Un mois après, la situation est calme dans la capitale, un mois que le nouveau chef d'état autoproclamé a employé à mettre en place la "transition" et à rassurer les interlocuteurs traditionnels du pays.

Résumé.

  • Le 5 mai, réunion avec les partis politiques.
  • Le 6 mai, investiture d'Azaly et nomination d'un comité d'état composé de 12 commissaires. On note la présence d'un seul militaire (Culture) et deux commissaires qui ont déjà exercé des fonctions d'état. Par ailleurs on remarque deux membres originaires d'Anjouan et quatre de Mohéli.
  • Le 9 Azaly se rend à Mohéli. Il réaffirme la volonté des nouvelles autorités de ne pas dépasser le délais d'un an pour faire appliquer les accords conclus à Antananarivo et passer le relais au civils.
  • Le 24 mai, nomination du conseil d'état, "gardien vigilant de l'intérêt général et des engagements pris par l'AND", composé d'une majorité de militaires. Publication d'un calendrier de la transition : mise en place sans délais des commissions d'experts chargées des réformes et de l'organisations des nouvelles élections, remise des rapports et soumission aux partis politiques à la mi-septembre, début de l'organisation des différentes élections en fin d'année, investiture du nouveau chef d'état le 14 avril 2000.

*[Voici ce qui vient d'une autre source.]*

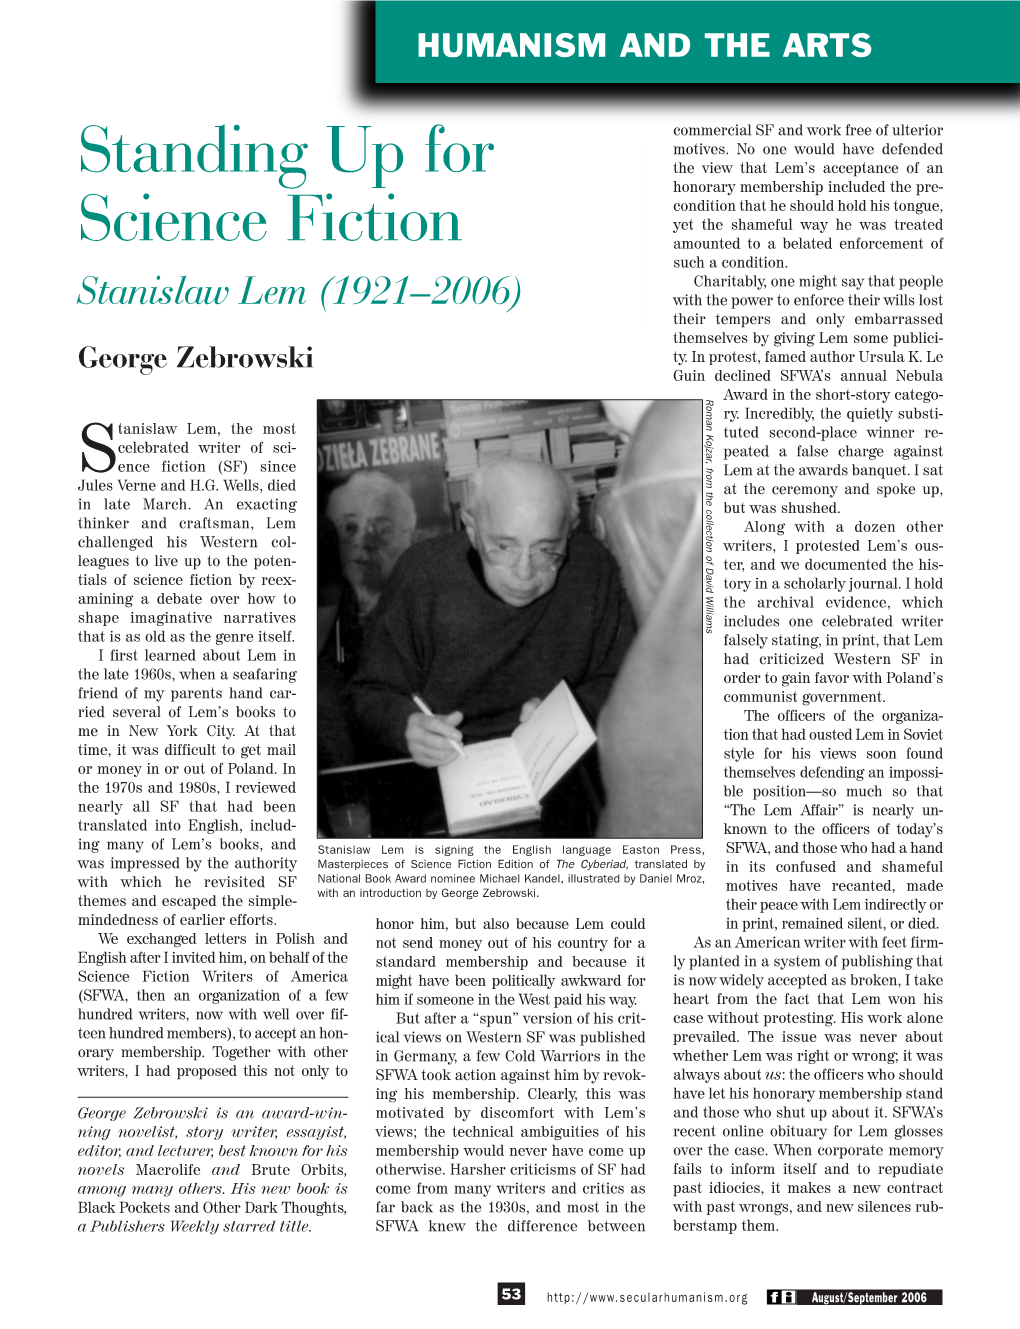 Standing up for Science Fiction

Outre la prudence de rigueur face à de telles annonces, il faut constater les conséquences immédiates du coup d'état : gel des principales actions de coopération, baisse de 80 à 90% de la fréquentation touristique, report des prévisions d'investissement d'entreprises étrangères (ex : infrastructures Internet et téléphonie prévue par France Télécom).

Cependant, et bien que nous ne puissions que condamner le caractère anti-démocratique d'un coup d'état, il semble que le colonel Azaly, en quête de crédibilité, fasse preuve de fermeté et d'une réelle volonté de changement et de stabilisation. A suivre.